Apply & Preprocessing

x <- 1:12
head(x, 5); tail(x, 5); quantile(x)

df1 <- data.frame(x=c(1,1,1,2,2), y=c(2,3,4,3,3))
df2 <- data.frame(x=c(1,2,3,4), z=c(5,6,7,8))

subset(df1, x==1)
merge(df1, df2, by='x')

apply(df1, 1, sum)  # row-wise
apply(df1, 2, sum)  # column-wise

R Functions for Normal Distribution

The normal distribution (also called Gaussian distribution) is a continuous probability distribution that is symmetric around the mean.

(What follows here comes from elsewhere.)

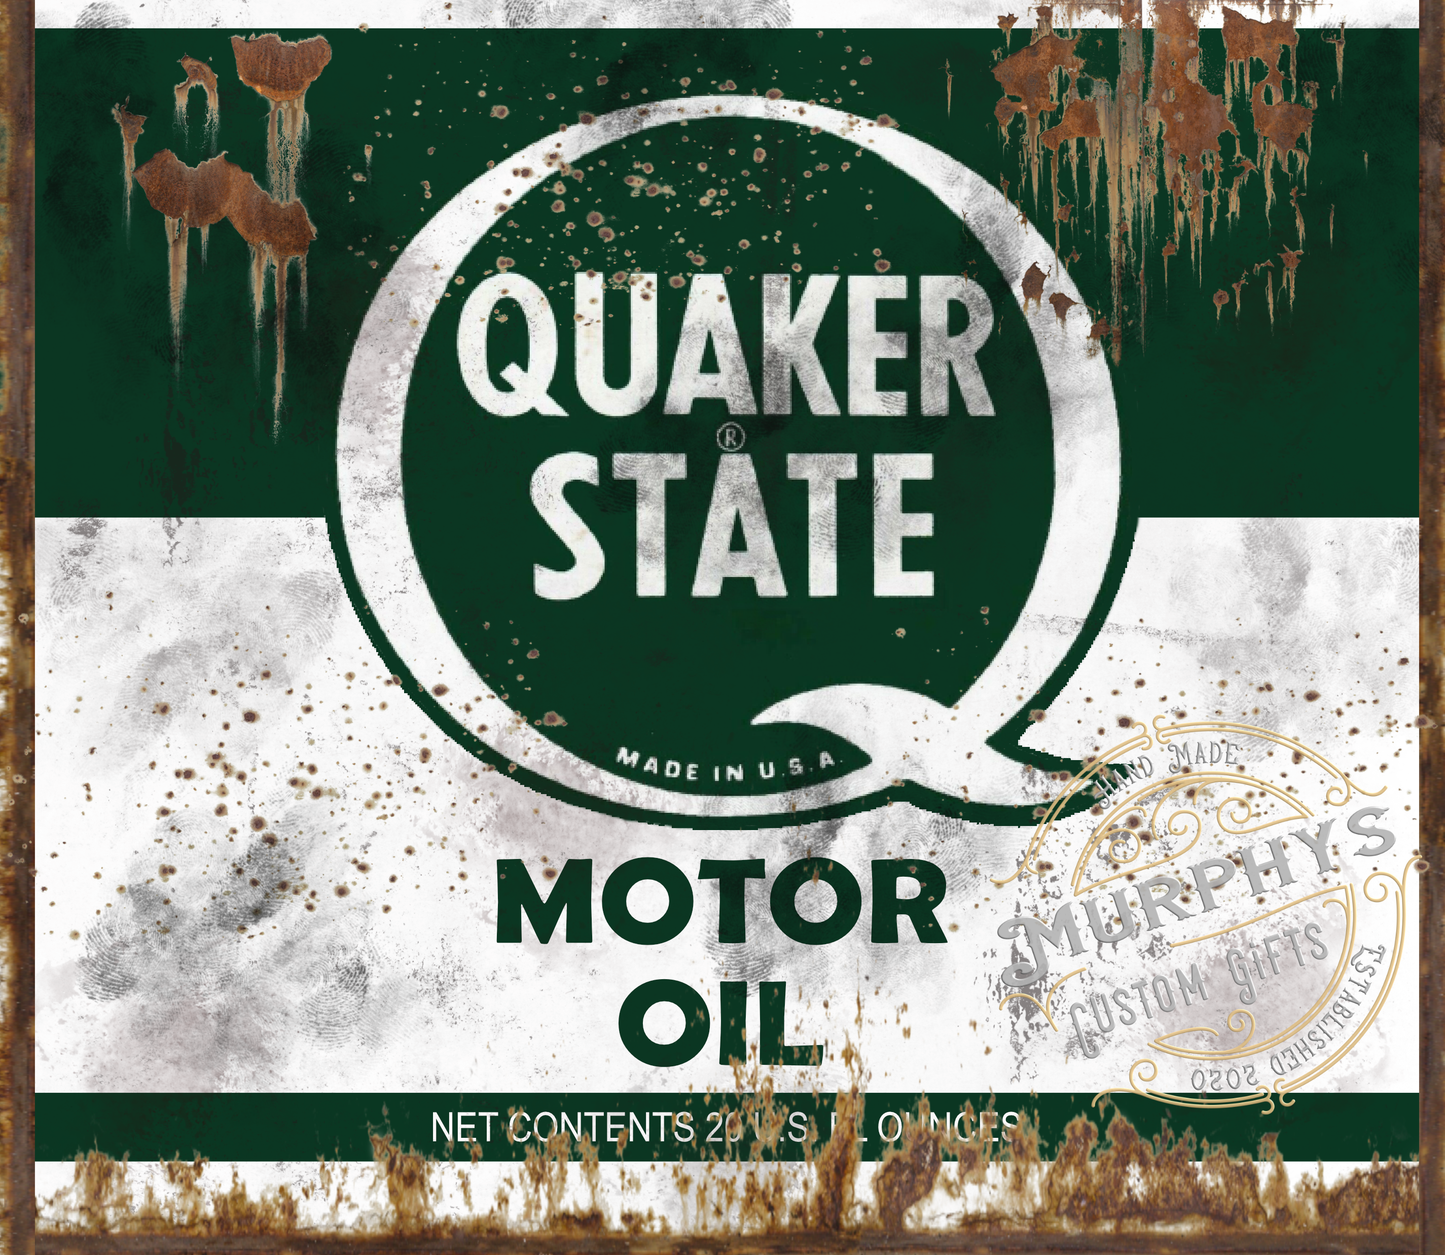 Vintage Quaker State Motor Oil

It is commonly used in statistics and data analysis to model naturally occurring data.

Characteristics of the Normal Distribution

  • Bell-shaped curve: Symmetrical around the mean.
  • Mean = Median = Mode
  • Defined by two parameters: mean (μ), standard deviation (σ)
Function Description Example Output / Note
dnorm(x) Probability density function dnorm(0) Density at x = 0 (default mean = 0, sd = 1)
pnorm(q) Cumulative distribution function (P(X ≤ q)) pnorm(1.96) ≈ 0.975
qnorm(p) Quantile function (inverse of pnorm) qnorm(0.975) ≈ 1.96
rnorm(n) Random generation from normal distribution rnorm(5, mean=10, sd=2) 5 values from N(10, 2²)
# Generate 1000 random values from N(0,1)
data <- rnorm(1000, mean = 0, sd = 1)

# Plot histogram
hist(data, breaks=30, col="lightblue", main="Normal Distribution (mean=0, sd=1)", xlab="Value")

Rplot01

Date & Time

Sys.Date(); Sys.time()
as.Date("2020-01-01")
format(Sys.Date(), '%Y/%m/%d')
format(Sys.Date(), '%A')

unclass(Sys.time())
as.POSIXct(1743844791, origin='1970-01-01')

Basic Plotting

x <- 1:10
y <- rnorm(10)

plot(x, y, type='l', xlim=c(-2,12), ylim=c(-3,3),
     xlab='X axis', ylab='Y axis', main='Test plot')

abline(v=c(1,10), col='blue')

R plot

This comprehensive summary is ideal for beginners in R and those reviewing fundamentals in preparation for data science applications. You can reuse these code blocks for projects, notebooks, or presentations.